A woman turned to me with a query about a phrasebook we didn’t have and then paused to ask: ‘You do work here?’ I must have been glaring at her or something.

I get this all the time.

A man shoved a very neatly written letter through the letterbox to inform us that he’d bought a book but, on arriving home, found that it wasn’t in his bag, and therefore (he concluded) we must have it still (so we’d given him, and he’d accepted, an empty bag?) The letter was to inform us that he was coming in later that day to get it. It was like a threat. We were trembling. Because of course, we didn’t have it.

Anyway he came in (thankfully) while I was at lunch, and demanded that he be able to buy the book again at half price, which I suppose was his idea of a compromise. Verity said no, and he had a go at her in front of a queue of customers, and then came back five minutes later to say that, actually, he’d found the book and - sorry.

It seemed a very odd way of going about things. I began to wonder if he was a ‘mystery shopper’, testing our manner of dealing with awkward customers. If that were true, it would make me feel like shooting someone from head office. Even more than I normally do. The fact that it even springs to mind perhaps suggests something about the relations between shop floor and management. The other day we were told to be understanding if people from the accounts department were short with us, because they’re understaffed. Does that mean that we, fighting off customers and trying to avoid being crushed by enormous deliveries, are free to be ‘short’ with them when they ring to ask for a receipt from 1974?
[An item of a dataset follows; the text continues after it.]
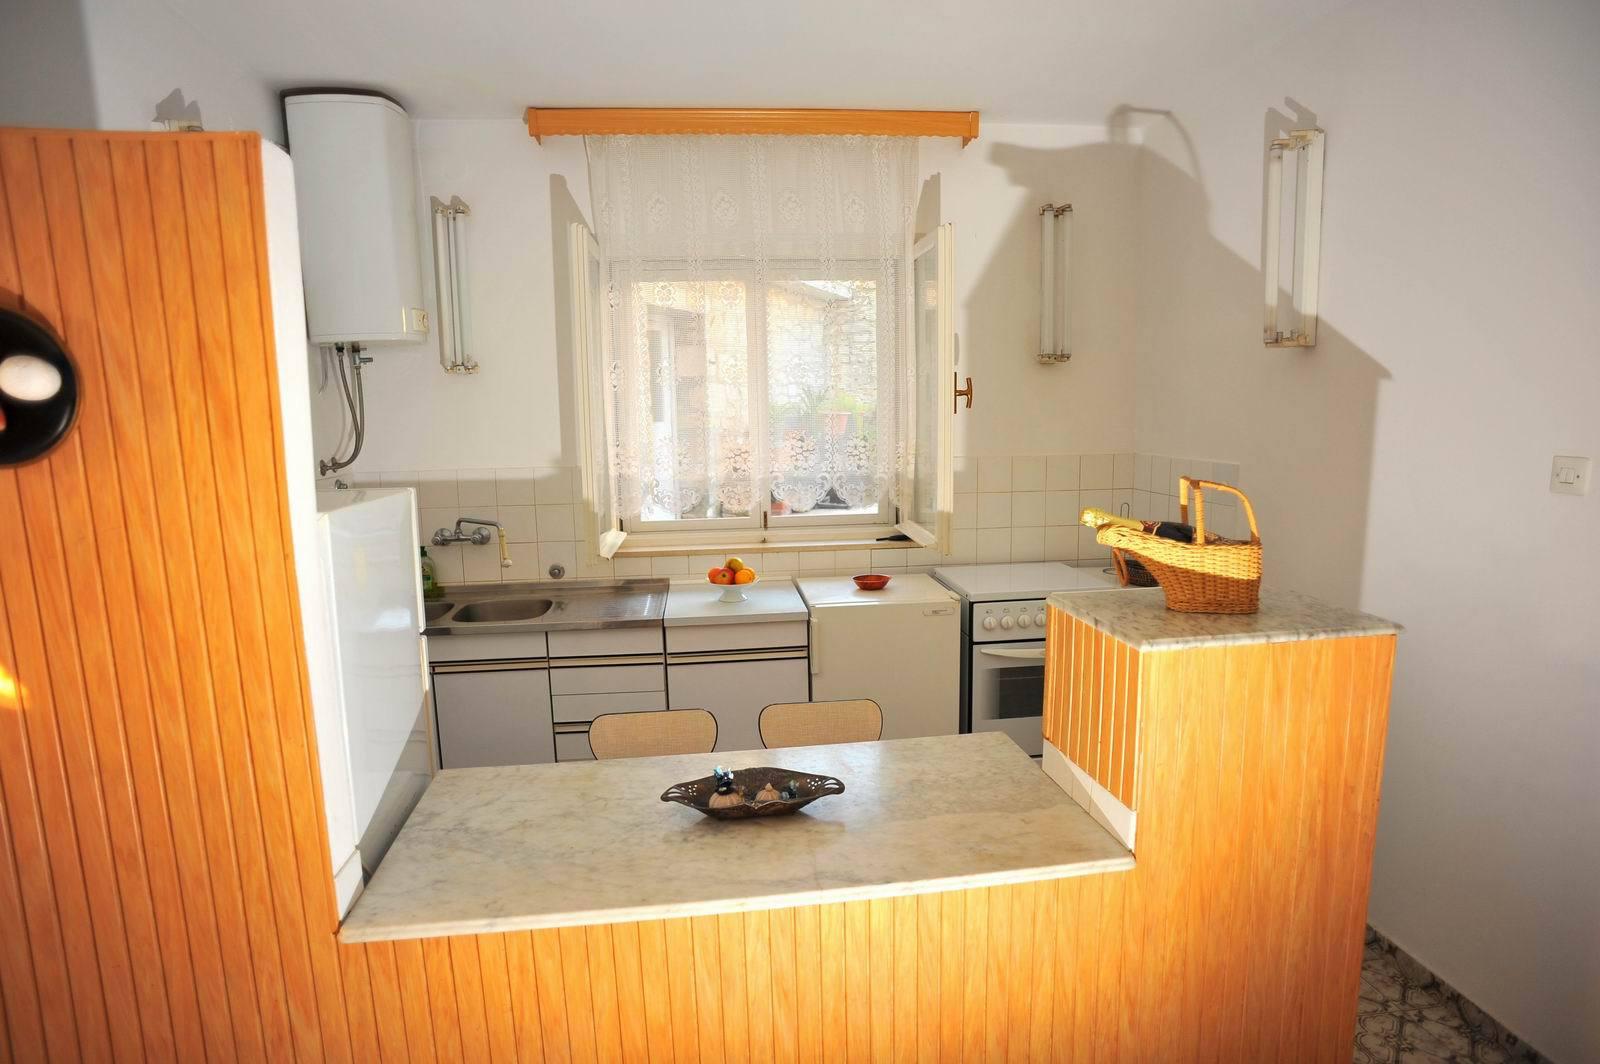 01501SUTI - Sutivan - Appartements Croatie - SA4(2+1): intérieur
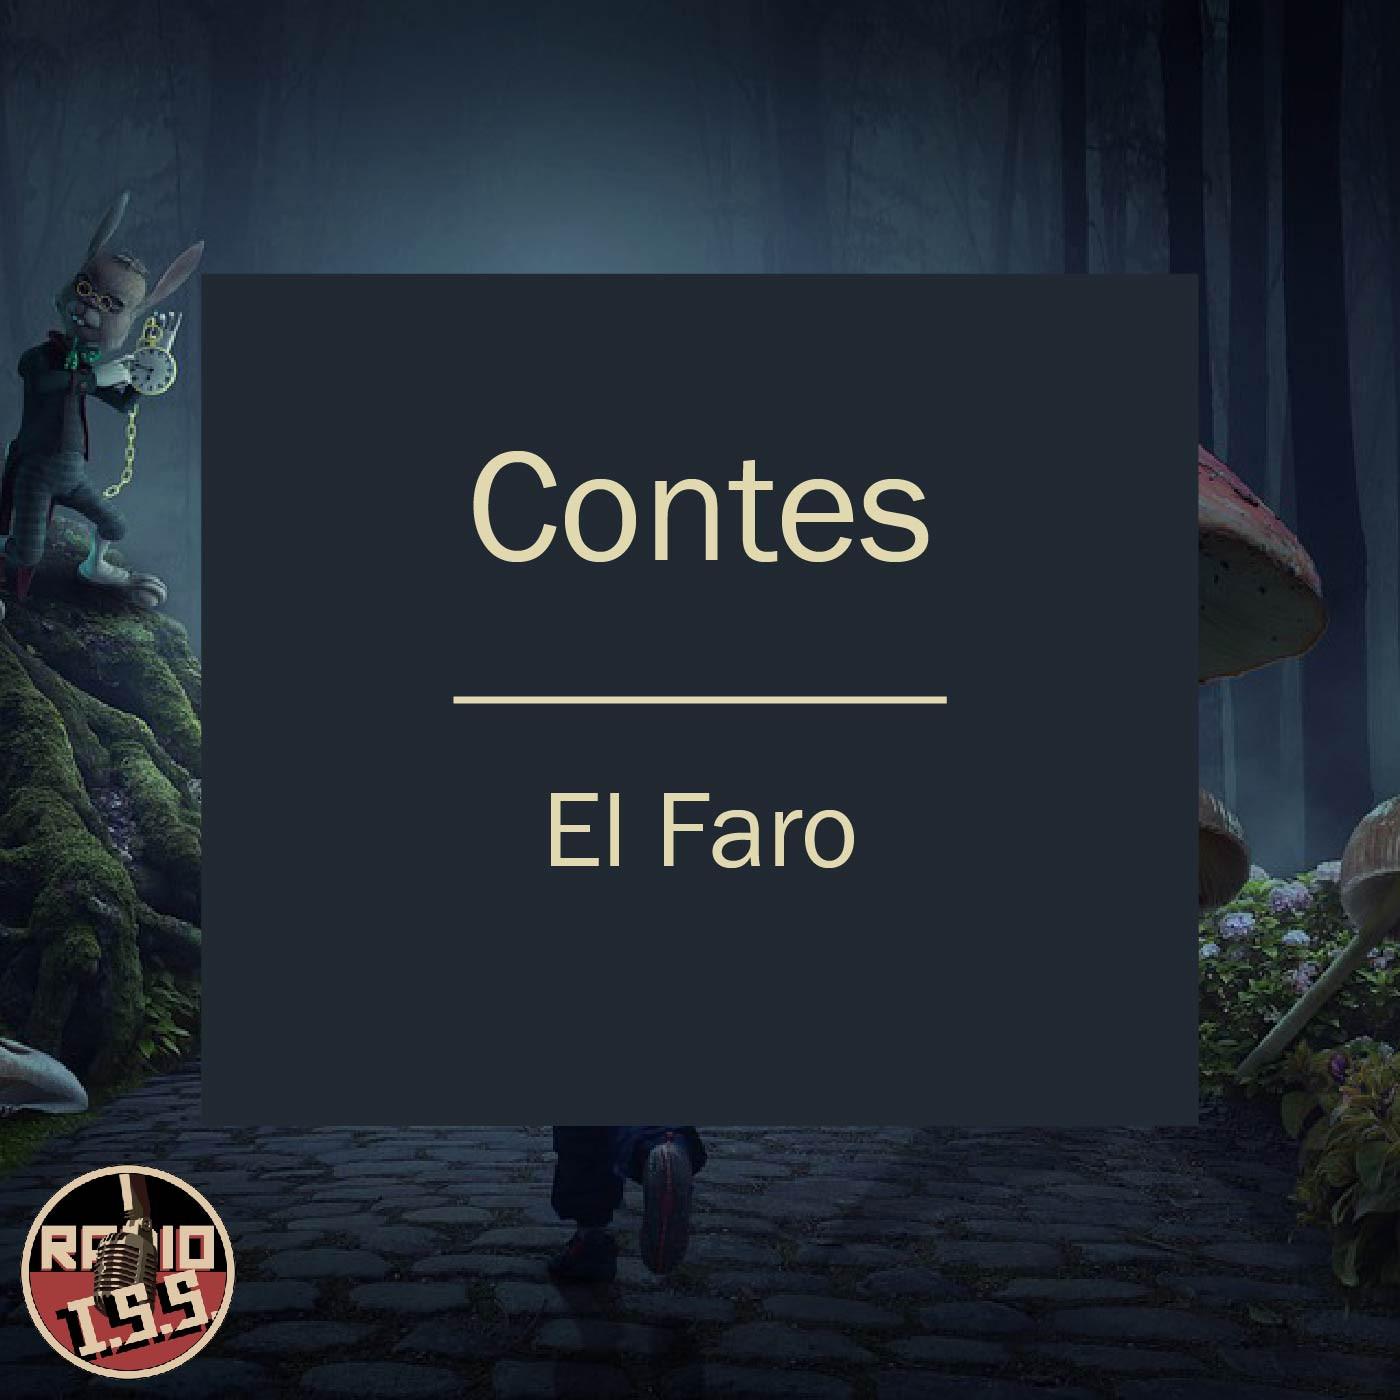 Contes #3 - El Faro

Clearly, I exaggerate somewhat. Still, this feels like the start of a war. Next Wednesday, one of ‘them’ is coming to do an audit, so I suppose we’ll be compelled to go hunting through all those cardboard boxes we’ve stuffed the old paperwork into. Well it isn’t as if they aren’t labelled. On one of them, I noticed the other day, I’ve scrawled in marker pen: ‘Junely’. See, we’ve even invented a new month, we must be on top of things. Although I imagine this auditor will be after more recent stuff, from Augember or even Septober.

My attempts to promote Pets With Tourette's have come to naught, sadly, due to resistance from decent-minded members of staff. It’s a shame, because I had a whole advertising campaign worked out, complete with a slogan (‘Every home should have one’) and a jingle based on Roxette’s Dressed For Success but with the lyrics - obviously - changed to ‘I wanna get Pets/With Tourette's’) and even a whole Get Selling-type initiative in which staff pepper their sales patter (such as it is) with obscenities. Those of us who have always found it hard to say ‘You can take your card’ at the end of a transaction without adding ‘And you can shove it up your fucking arse’ will be gratified.

Unfortunately, this is just the kind of thing head office frown on. The boring bastards.